When the trade was completed, Leafs GM Brian Burke argued that picking up Kessel was better than what he could get in the first round of the 2010 draft.
He’s right that Kessel is worth an opening-round choice, given that he’s only 22 years old and already has a 36-goal season under his belt.
However, he may not be equal to two top choices, especially if they become lottery selections.
Looking at the top five picks from each NHL draft from 1979 to 2004, a total of nine players have worked their way into the Hockey Hall of Fame, while others during that span are worthy and waiting to be honoured.
In the same time, 57 of those 125 skaters were named to an all-star team during their career and 89 played in 500 games or more. And every player drafted played at least one NHL game.
Thus, the consensus is there that, although not a guarantee, a top five draft choice is very important and, more often than not, provides a solid NHLer.
Looking ahead to the crop of players that could be in the top five for 2010, the Leafs could miss out on a handful of Canadian Hockey League stars.
Taylor Hall, a Kingston, Ont. native, is currently projected to go No. 1 overall thanks to his performance at the 2008 world under-18 championship and Ivan Hlinka International under-18 tournament.
Hall was also part of the 2009 Memorial Cup champion Windsor Spitfires and was named the MVP for that event. He has 11 goals and 16 assists in 14 games this season.
Joining him is Spitfires teammate Cam Fowler. He has two goals and 18 assists from the point and is also defensively responsible with a plus-10 rating.

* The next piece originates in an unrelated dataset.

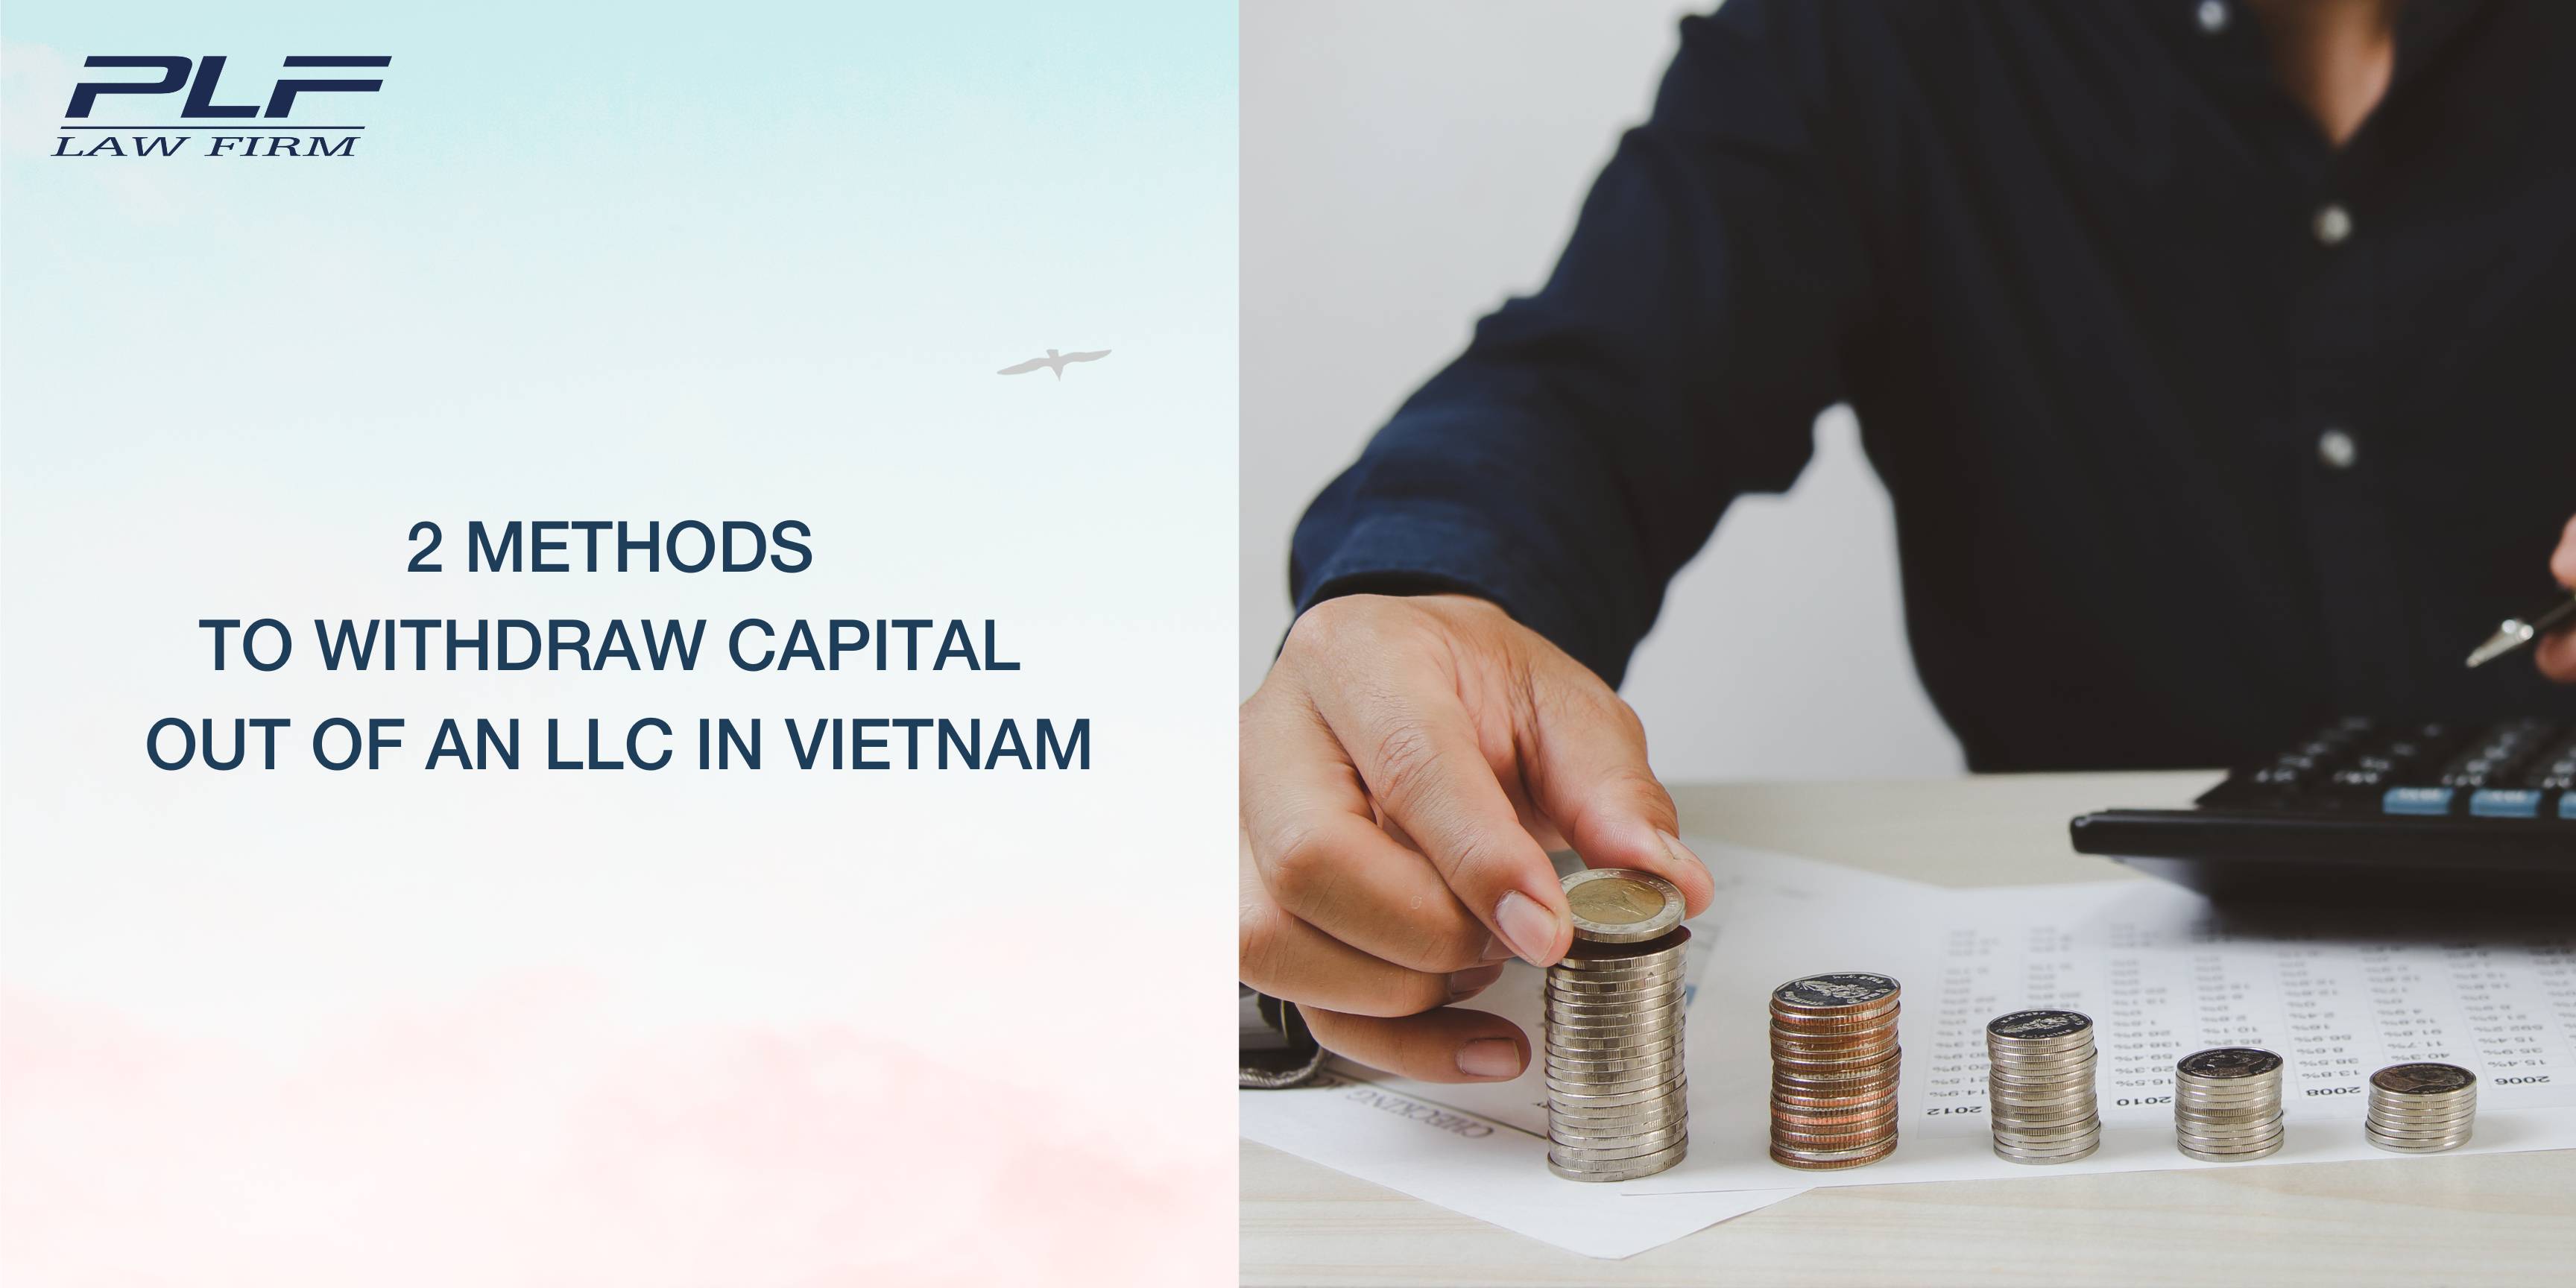 Plf 2 Methods To Withdraw Capital Out Of An Llc In Vietnam

Tyler Seguin of the Plymouth Whalers sits third, but that could change soon. He leads the OHL in goals and is only one point behind Hall for the league lead in that category.
It will be interesting to see if trading these picks will bite the Leafs in the backside like it has in the past.

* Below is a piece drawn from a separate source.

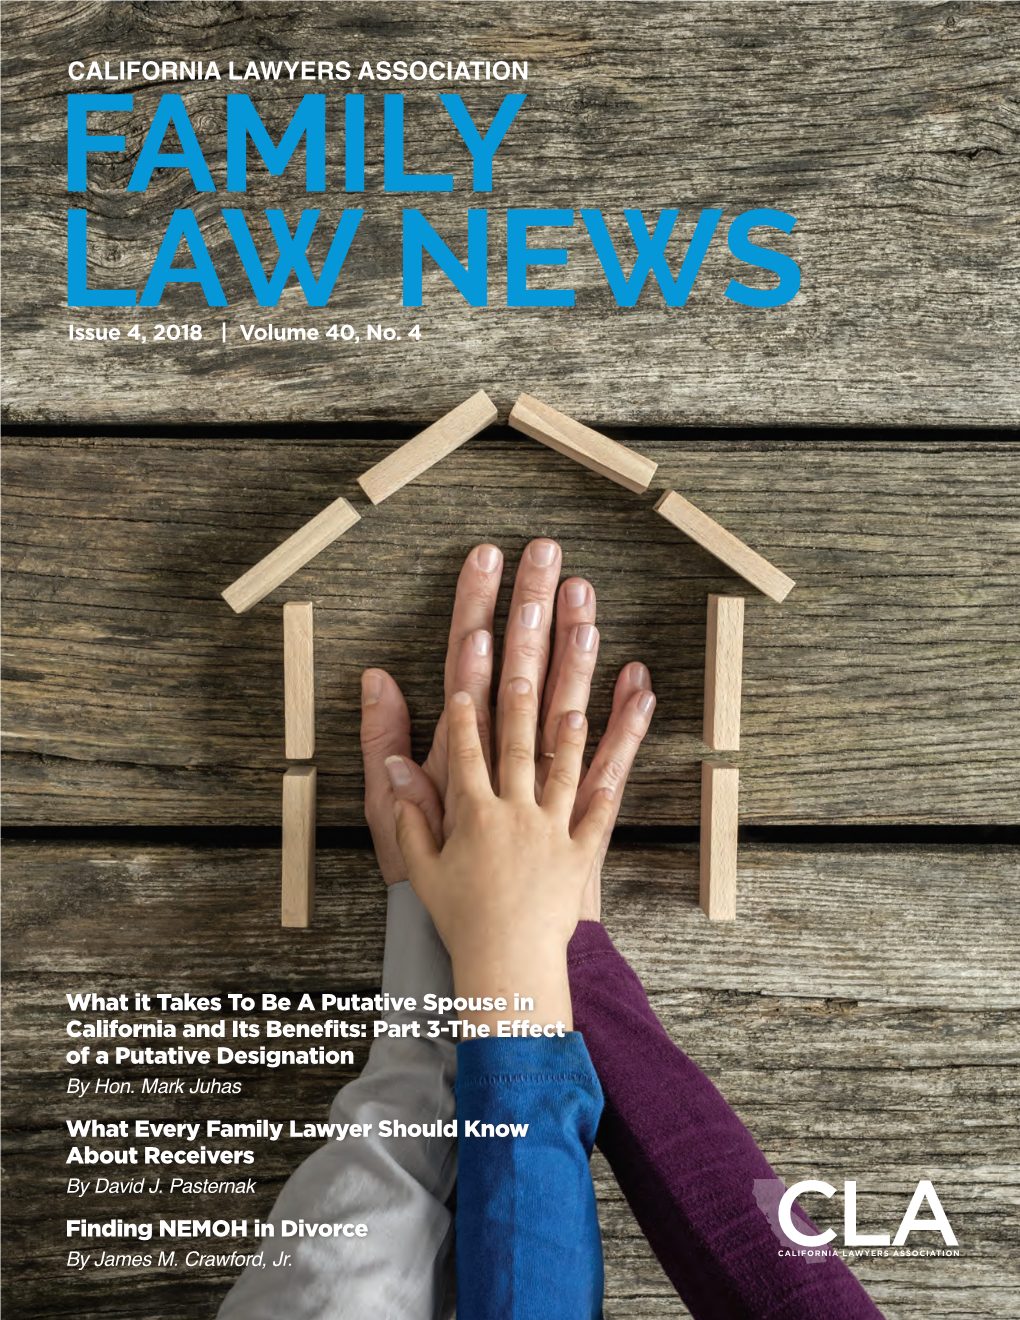 CALIFORNIA LAWYERS ASSOCIATION FAMILY LAW NEWS Issue 4, 2018 | Volume 40, No

In 1989, the Leafs traded their first-round selection in the 1991 draft to the New Jersey Devils for journeyman blueliner Tom Kurvers.
That pick was used by the Devils to take Scott Niedermayer third overall, a future Norris Trophy winner and four-time Stanley Cup champion.
Seven years later, the Leafs reacquired their only first overall selection ever, Wendel Clark, along with Mathieu Schneider and D.J. Smith, giving up a first-rounder that in 1997 that turned out to be Roberto Luongo.
Luongo, drafted fourth overall, has gone on to become one of the best goalies in the NHL today.